Attention has been drawn to Liturgy's lineup changes given a change in personnel can often yield freshness, or collapse previous greatness. Drummer Leo Didkovsky and bassist Tia Vincent-Clark fill spaces left by the departure of Greg Fox and Tyler Dusenbury, respectively, and do so without raising a single doubt about their impressive talents. By the same virtue, however, the questions asked of Liturgy have never been about instrumental competence, it's mostly about compositional decisions. It's a relief that H.A.Q.Q. can teeter on the brink of disaster over and again, then flip each song into a triumph. On "God of Love", there's a disappointing pastiche of orchestral soundtrack music that sounds like somber themes you've heard a dozen times but, just as you start to lose interest, the band smash into the most aggressive attack found anywhere on the album. It's breathtaking how hard they push, every motion is impossibly up-Up-UP through treble-heavy, arm-aching strumming, before finally it breaks into a freer period of off-kilter switches between alternating riffs.

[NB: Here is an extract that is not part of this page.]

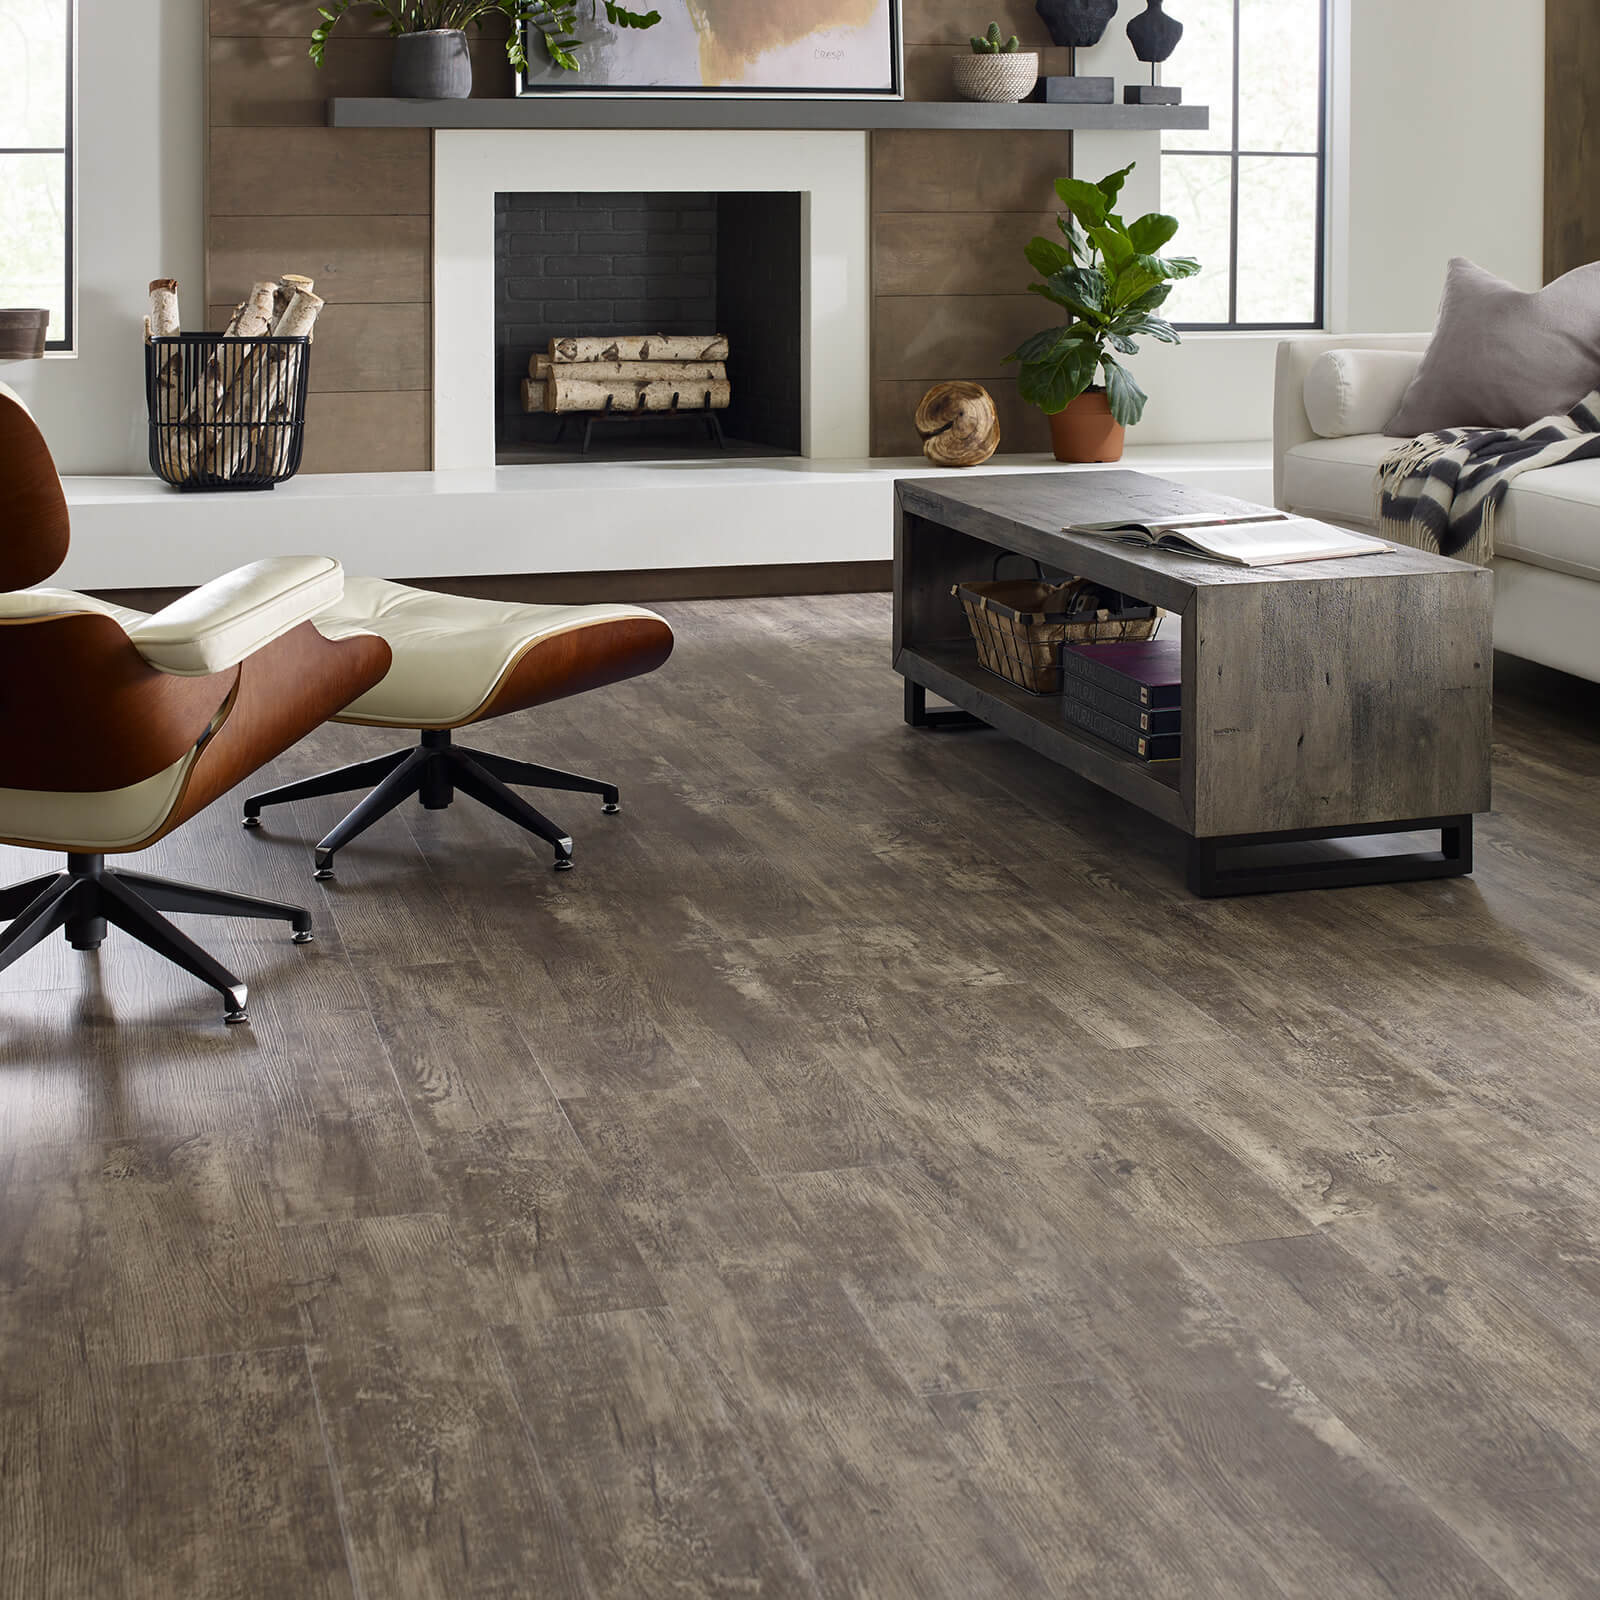 Hardwood Flooring | Christian Brothers Flooring & Interiors.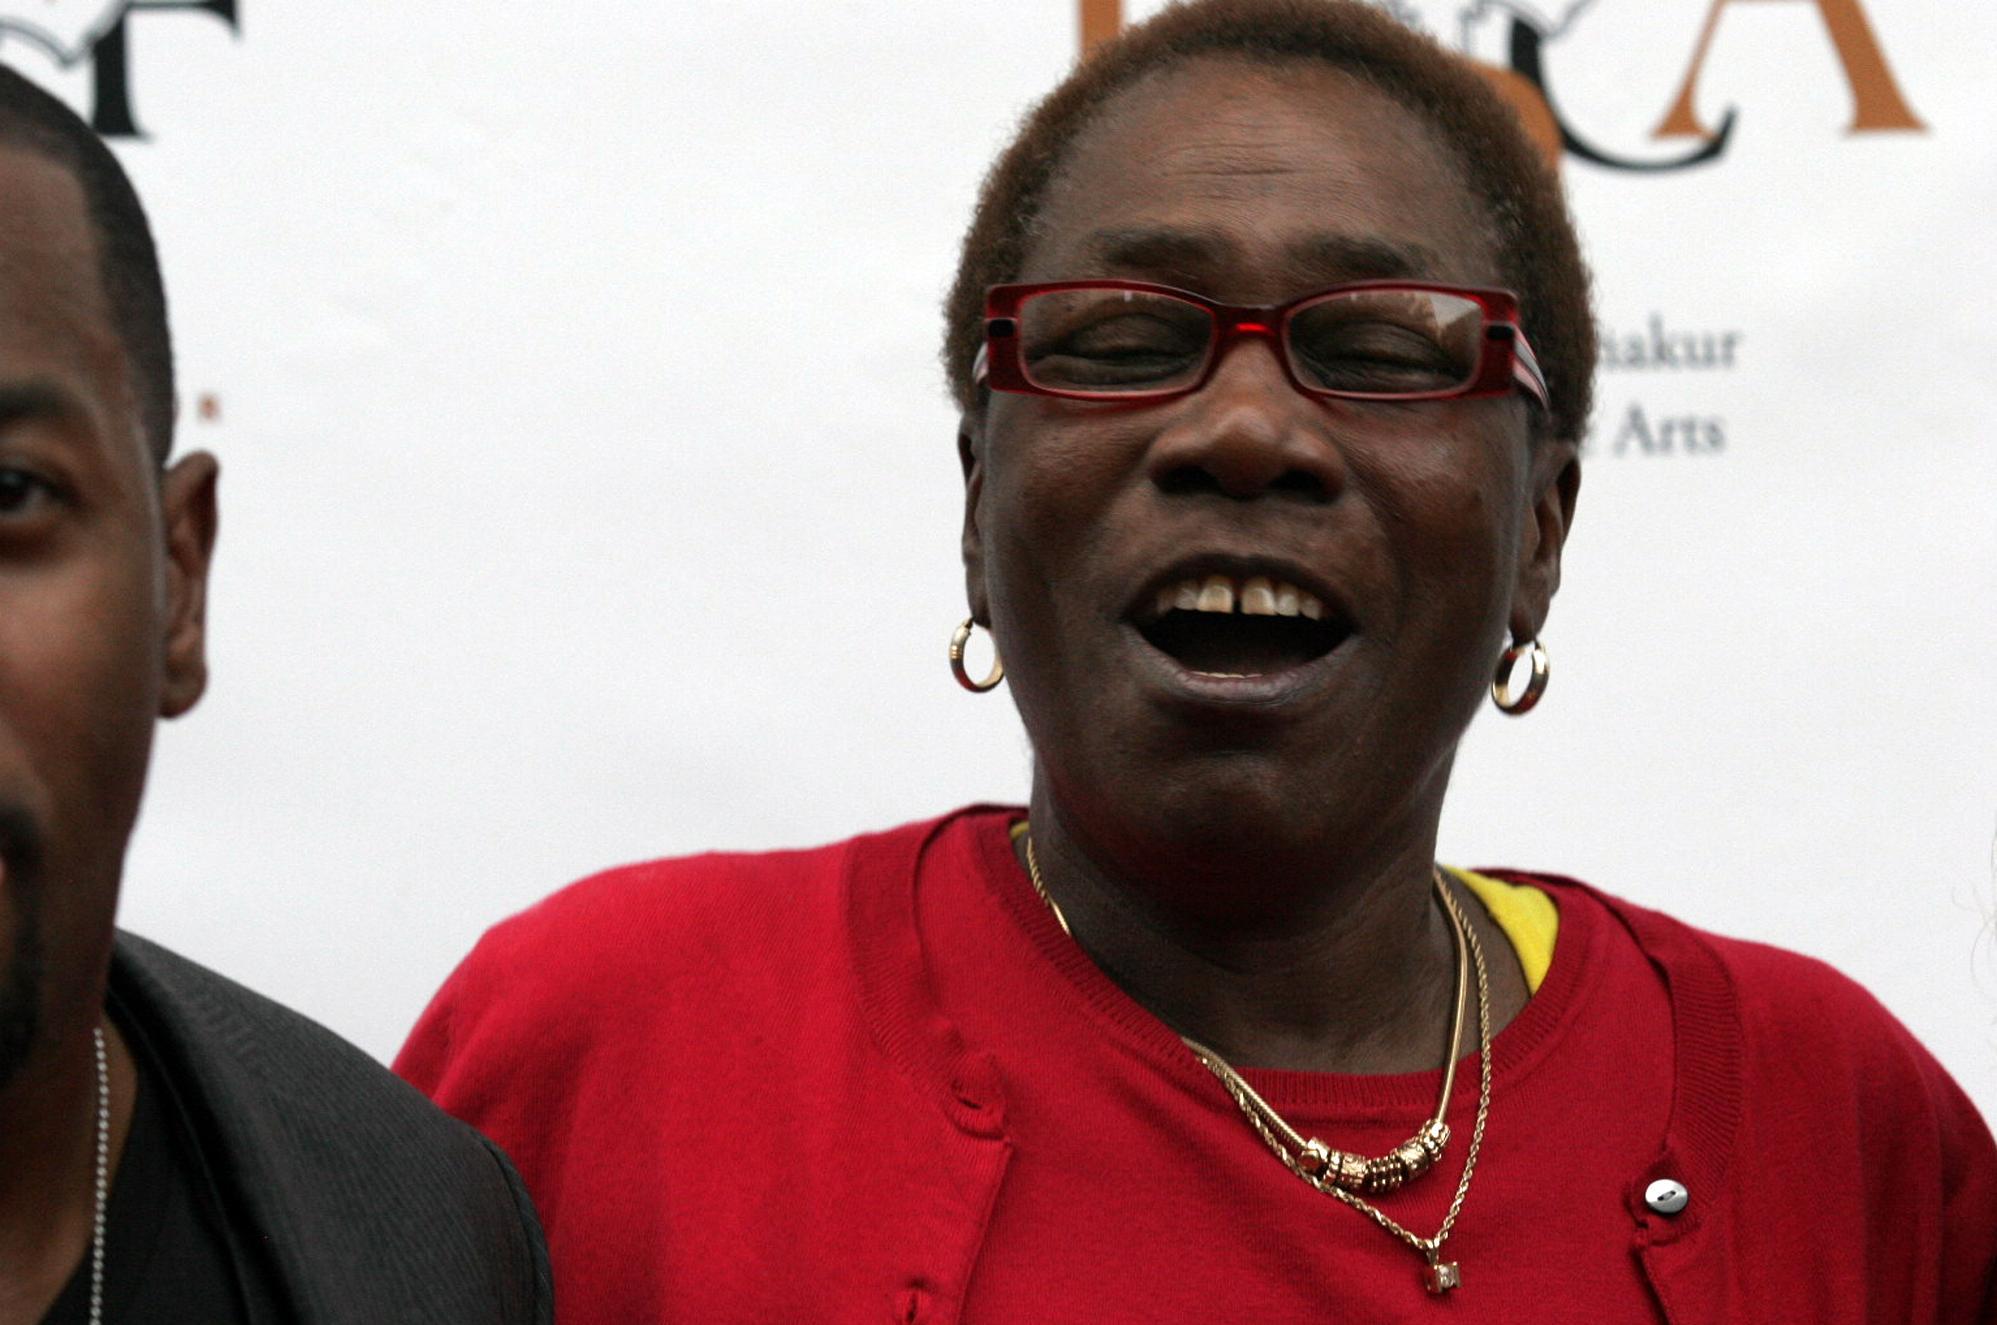 Afeni Shakur, mother of rapper Tupac Shakur, dies | The

A similar threat of failure is visible on the title track "HAQQ", which spends its first minute patenting the new genre of "Transylvanian sea shanty" before, thankfully, the guitars kick in. There are so many intriguing ideas at work. The loop deployed partway through is the only stand-out use of electronic effects on the main songs. A back-forth choral harmony is pitched against Hunt-Hendrix's screams though this vocal layering is mostly crushed under the instrumental howl. Bernard Gann's fingering is nimble and erudite. The piano and bell outro is a beautiful payoff delivering the listener into ". . . .", which is the culmination of the "Exaco" suite before a solo guitar burns everything to cinders.